Grillo is ready for the inevitable surprises. “Any construction project’s scope of work is projected,” he says. “There are always unknown field conditions that aren’t revealed until you start the work. The contractor builds in allowances – usually 10% to 15% of the budget – but sometimes they don’t come into play.”

While unpleasant surprises may be inevitable for the crews working on a capital project of this magnitude, Grillo sees his job as making sure that shareholders are not on the receiving end of any surprises. “The bottom line is that we don’t spring major capital projects on the residents,” he says. “They’re always well versed when a project is coming. We let them know that if we don’t do this now, the results will be much worse later – instead of $1.27 million, we could be looking at $3 million or $4 million. That way, they get on board with the necessity of the project and how we’re going to get it done.”

 

Keep the Problems Small

 

It started with noises and cracked walls at a postwar, eight-story co-op in Stamford, Conn., that has a two-tiered, 80-space parking garage – one at ground level, the other below ground. Shareholders in a line of apartments directly above the garage recently informed the property manager that they were hearing noises coming from below, and they were seeing cracks inside their apartments. The manager called Cowley Engineering.
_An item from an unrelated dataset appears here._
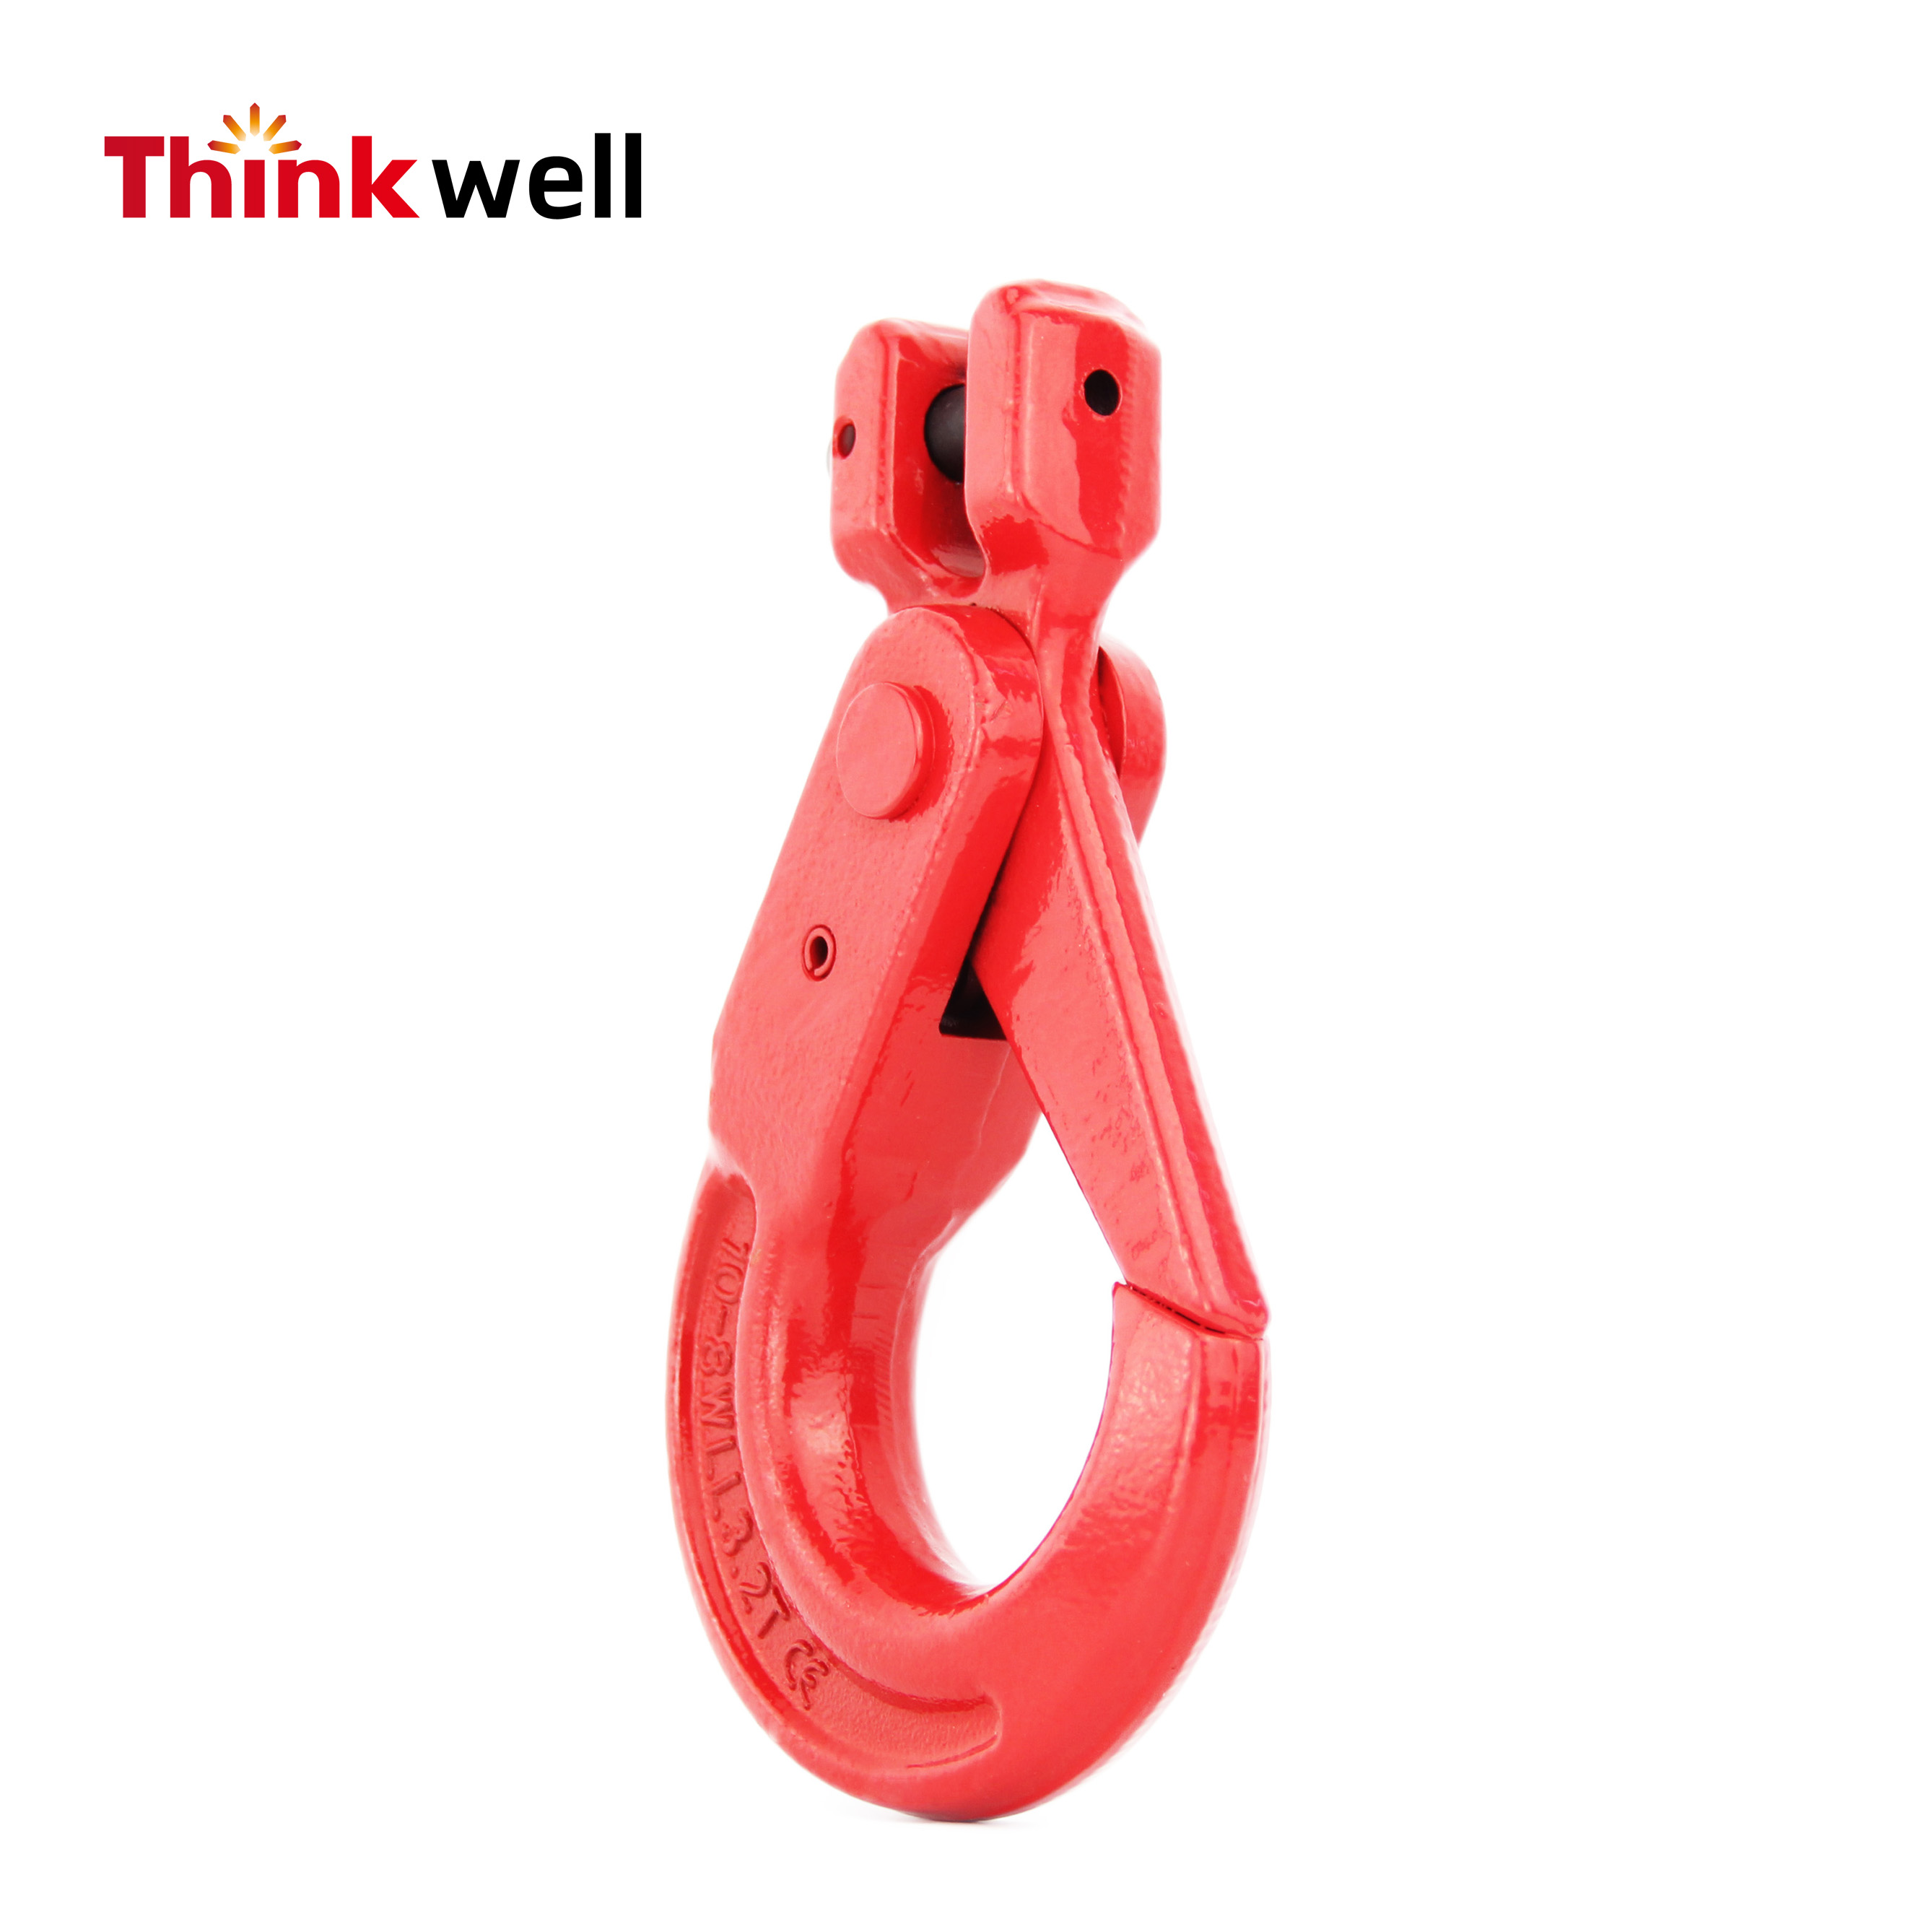 ISO Cetificated Rigging Hardware G80 Clevis Eye Swivel Hook

“One of my guys went out and visited every unit on the F line,” says Eric Cowley, the firm’s president. “He found some cracks in the apartments on the two lower floors that seemed trivial. To his credit, he went into the parking garage and saw that one of the load-bearing columns was buckling – it had moved horizontally and dropped about an inch. My first reaction was to get shoring in there immediately.”

Then came a fraught question: Should the building be evacuated? Cowley was able to determine that the garage, with proper shoring, was not in danger of collapse. As a precaution, all cars were removed from the upper level and from spots adjacent to the work area on the lower level while 25 temporary columns, called adjustable shores, were installed.

The culprit was groundwater under the garage’s poured-concrete floor, which had migrated through the floor and corroded one of the steel columns that support the steel beams. After installing a temporary steel column, crews removed the corroded section and spliced in new steel that was then bolted and welded into place.

The problem went undetected because all the columns had been wrapped with mesh that was then coated with plasterboard – a method of fireproofing the columns as well as softening any blow from cars. It also made the buckling invisible to the untrained eye.

“What you don’t see can hurt you,” Cowley says. “A layperson wouldn’t notice that the column’s wrapping was wider at the bottom than at the top. And he wouldn’t wonder why.” An engineer, on the other hand, would wonder why. And he would conclude that the column had buckled – a dangerous situation.

Cowley’s crew inspected the other 29 columns and found only one that will require a new piece of steel. All columns on the lower level will be waterproofed up to eight inches above the floor. The job – which came as a surprise to the co-op board – will cost about $50,000. Not a backbreaker, but enough to qualify it as an unpleasant surprise.

To avoid such surprises, Cowley advises boards to take charge of their own fates. “Boards should establish an inspection program for their garage every five years,” he says. “The initial one should be the most extensive – when you establish the baseline of the garage’s current condition. Check it again in five years, and when you find out how much work is needed, you can figure out how much to budget every year for future repairs. Keep the problems small and out in front of you. The goal is to avoid an emergency like this one.”

Or, to put it another way, the goal is to keep a prized asset from turning into a costly liability.